**WHAT THE EXERCISE ASKS:**
An exact copy of the listing is required, with its pictures removed.

**DATA:**
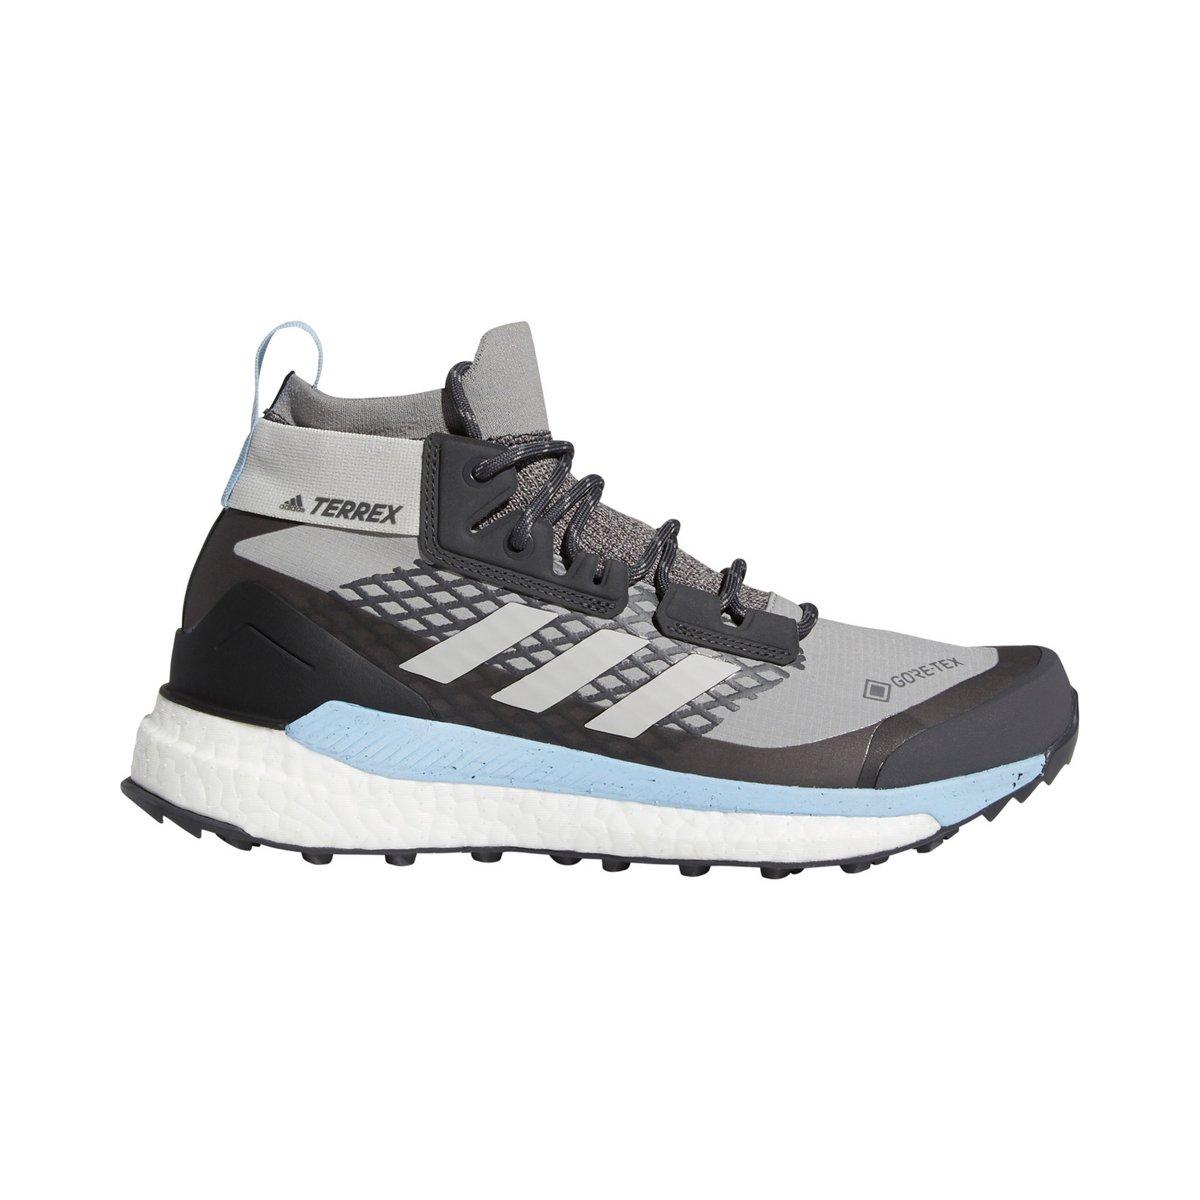 Adidas Terrex Women's Free Hiker GORE-TEX Shoes 0
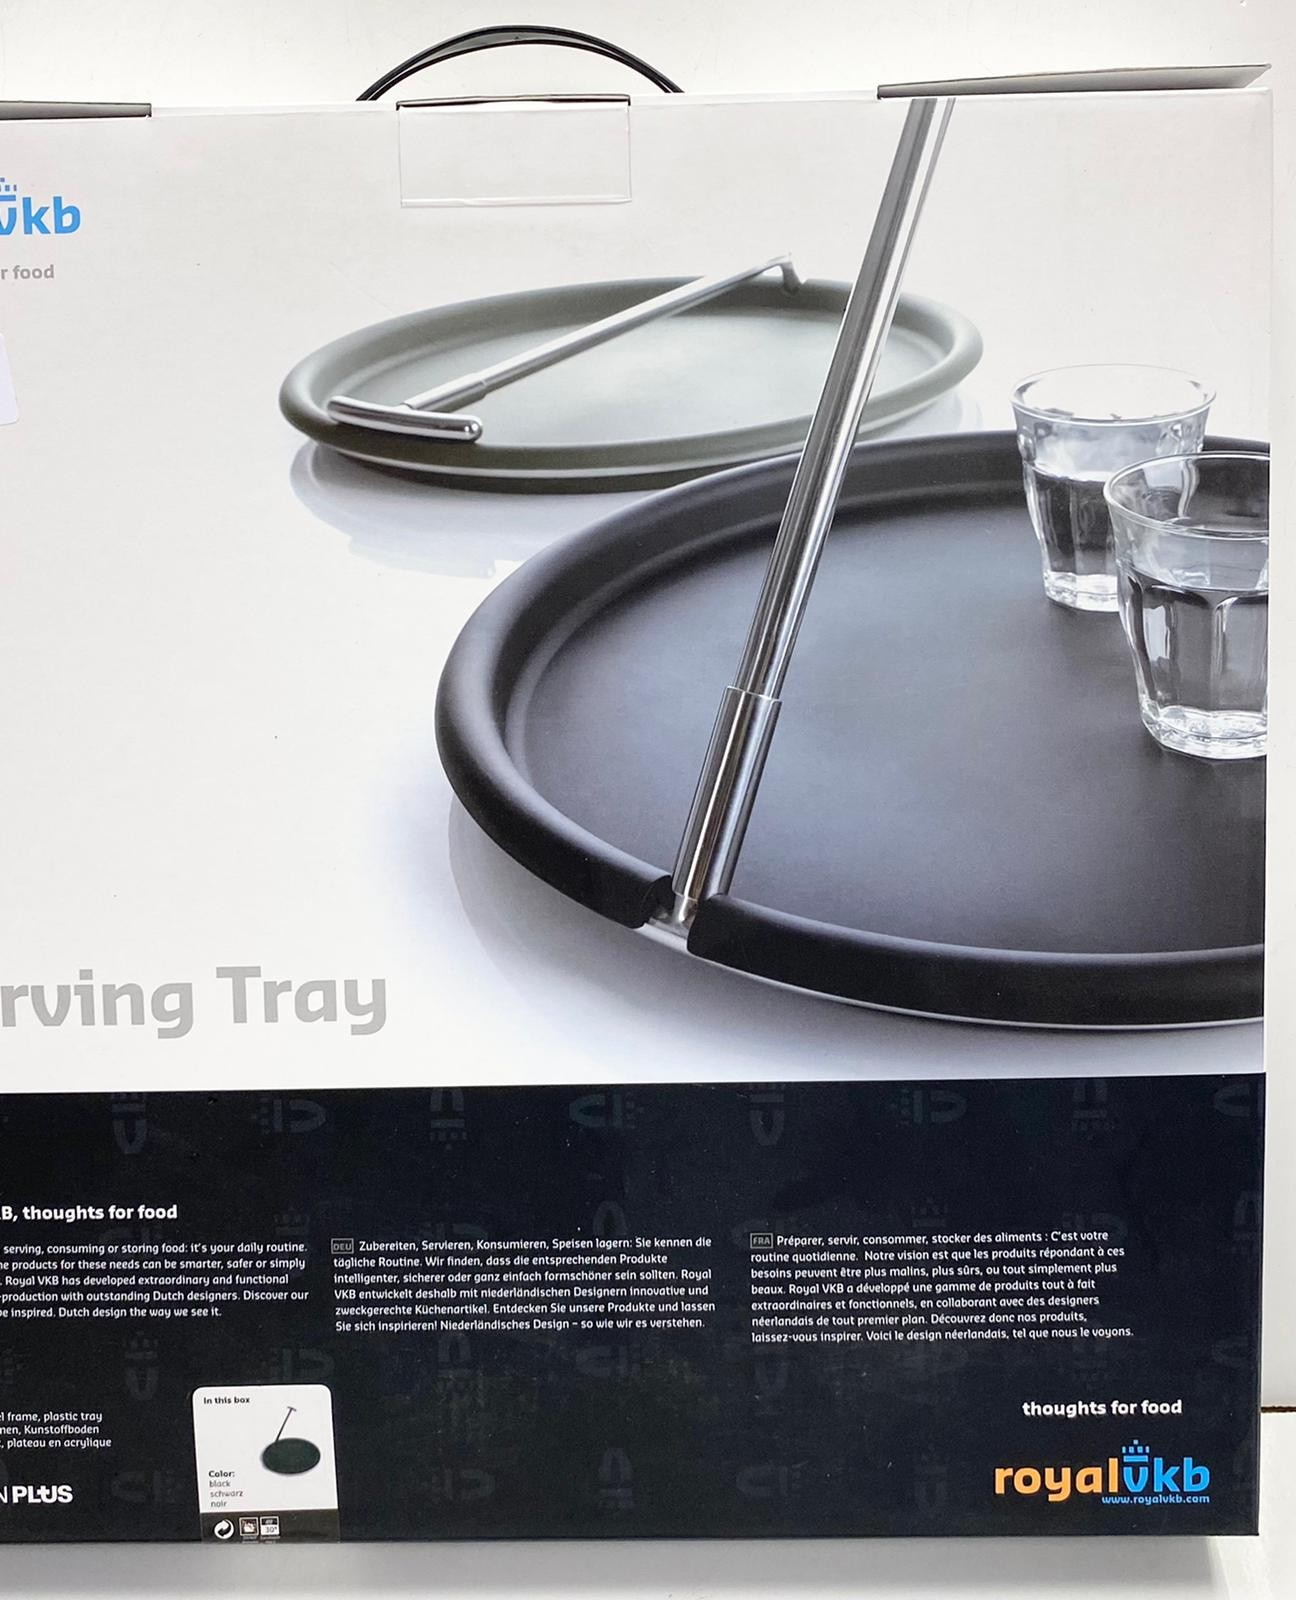 Royal VKB self-balancing serving tray, designed by Gijs Bakkar. Brand new in box, unused. - Image 2 of 2
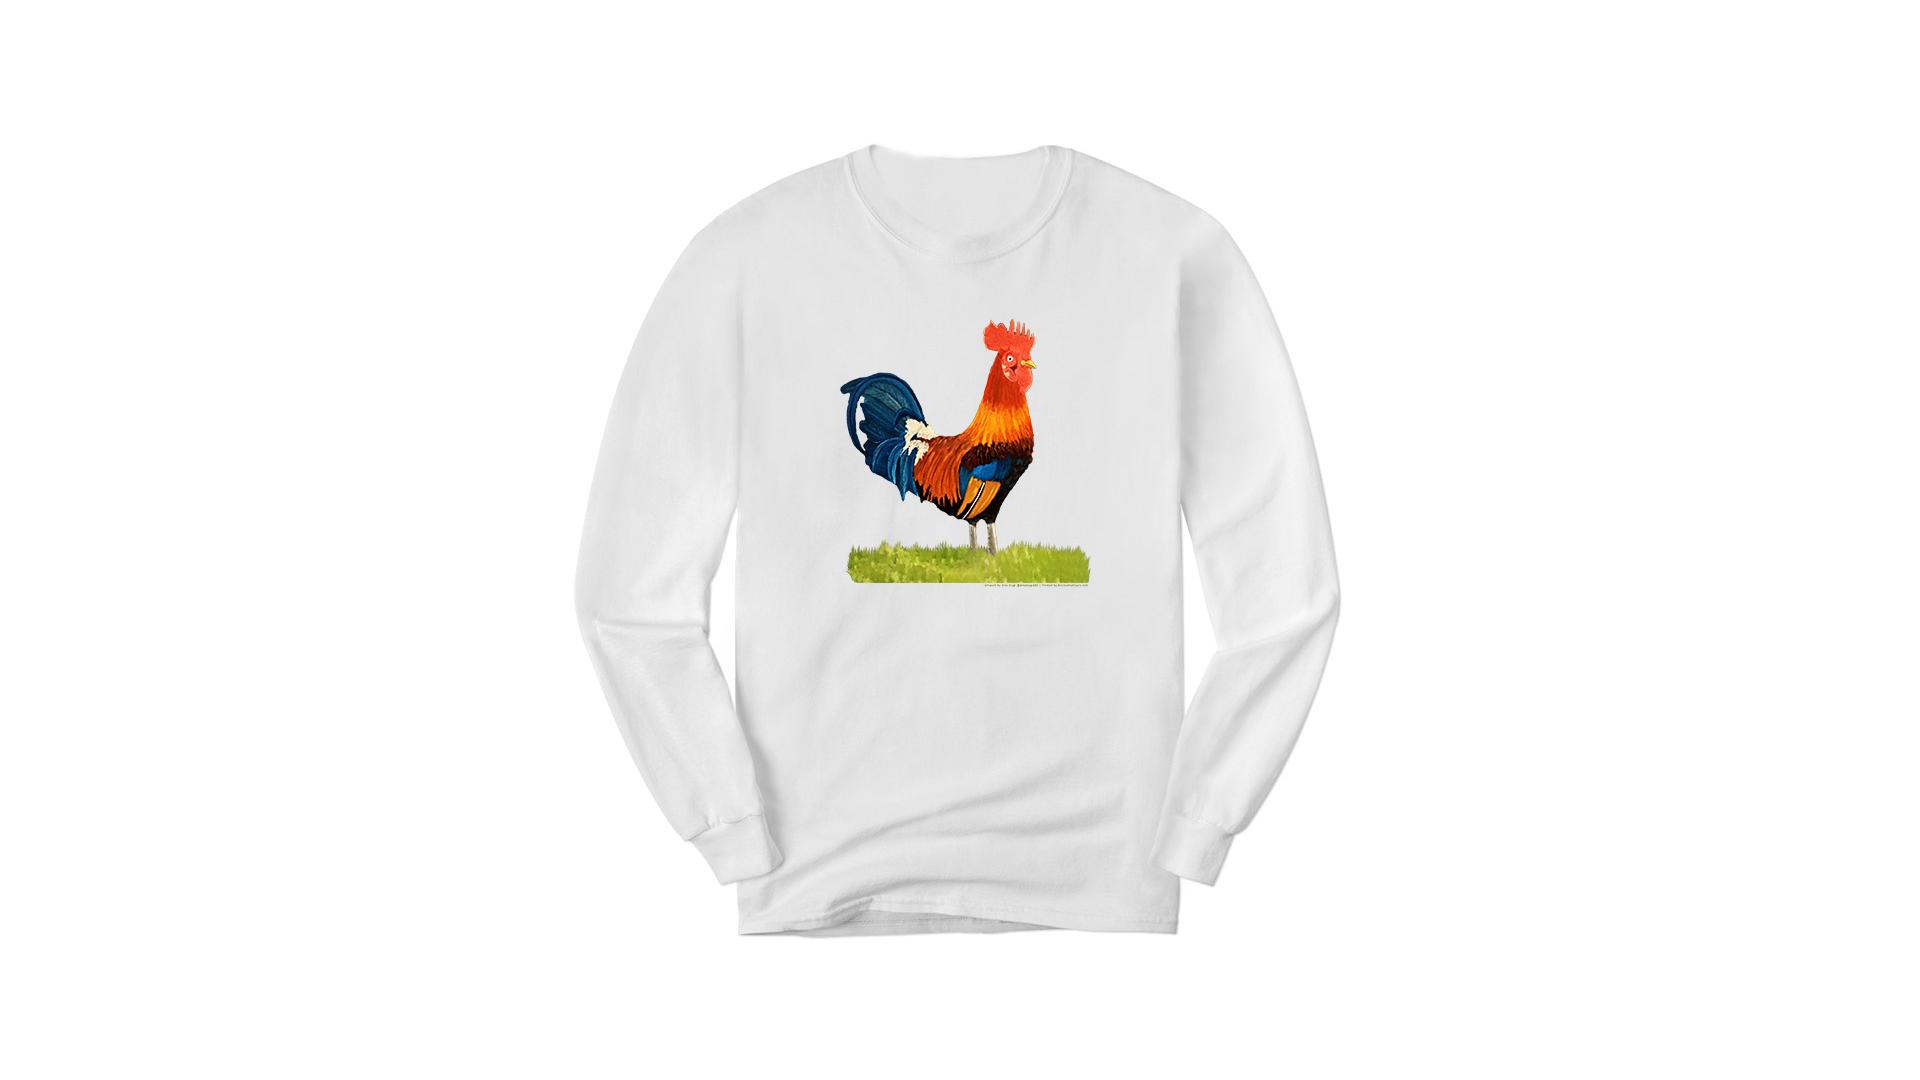 White Long Sleeve Rooster og.png

**SOLVED EXERCISE:**
 Adidas Terrex Women's Free Hiker GORE-TEX Shoes 0
 Royal VKB self-balancing serving tray, designed by Gijs Bakkar. Brand new in box, unused. - Image 2 of 2
 White Long Sleeve Rooster og.png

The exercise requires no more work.